- **Stored records**:
:::

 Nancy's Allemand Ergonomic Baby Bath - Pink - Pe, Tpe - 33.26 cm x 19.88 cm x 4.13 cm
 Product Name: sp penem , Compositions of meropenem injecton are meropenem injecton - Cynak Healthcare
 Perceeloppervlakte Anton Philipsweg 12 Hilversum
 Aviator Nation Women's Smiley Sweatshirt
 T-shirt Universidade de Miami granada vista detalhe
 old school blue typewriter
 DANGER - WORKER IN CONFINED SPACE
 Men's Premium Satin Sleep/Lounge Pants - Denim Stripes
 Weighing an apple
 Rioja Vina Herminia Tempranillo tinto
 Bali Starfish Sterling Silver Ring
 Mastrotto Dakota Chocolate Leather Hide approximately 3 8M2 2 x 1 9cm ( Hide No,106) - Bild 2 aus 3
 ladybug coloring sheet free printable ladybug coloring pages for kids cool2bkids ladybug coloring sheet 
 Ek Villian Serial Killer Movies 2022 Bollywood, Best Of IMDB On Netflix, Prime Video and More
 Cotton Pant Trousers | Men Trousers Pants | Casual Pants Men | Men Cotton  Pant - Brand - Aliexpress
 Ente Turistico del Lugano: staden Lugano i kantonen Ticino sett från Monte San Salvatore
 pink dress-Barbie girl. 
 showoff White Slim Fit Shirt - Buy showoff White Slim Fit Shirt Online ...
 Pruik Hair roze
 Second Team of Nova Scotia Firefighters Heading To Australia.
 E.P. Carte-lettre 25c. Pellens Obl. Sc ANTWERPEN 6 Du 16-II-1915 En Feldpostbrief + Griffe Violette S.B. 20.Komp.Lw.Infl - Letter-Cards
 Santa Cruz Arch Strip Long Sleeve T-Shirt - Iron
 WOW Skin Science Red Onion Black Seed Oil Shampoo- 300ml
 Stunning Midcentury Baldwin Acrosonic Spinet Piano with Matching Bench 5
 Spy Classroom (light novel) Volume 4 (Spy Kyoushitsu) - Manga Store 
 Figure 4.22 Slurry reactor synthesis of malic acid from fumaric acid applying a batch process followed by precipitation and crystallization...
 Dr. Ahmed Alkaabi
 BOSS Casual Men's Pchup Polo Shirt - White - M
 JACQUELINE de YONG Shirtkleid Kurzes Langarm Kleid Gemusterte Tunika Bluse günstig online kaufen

:::

- **What you should do**: The lines sought are those in the data above that include the string "White"; copy each one.

- **Exercise response**:
 showoff White Slim Fit Shirt - Buy showoff White Slim Fit Shirt Online ...
 BOSS Casual Men's Pchup Polo Shirt - White - M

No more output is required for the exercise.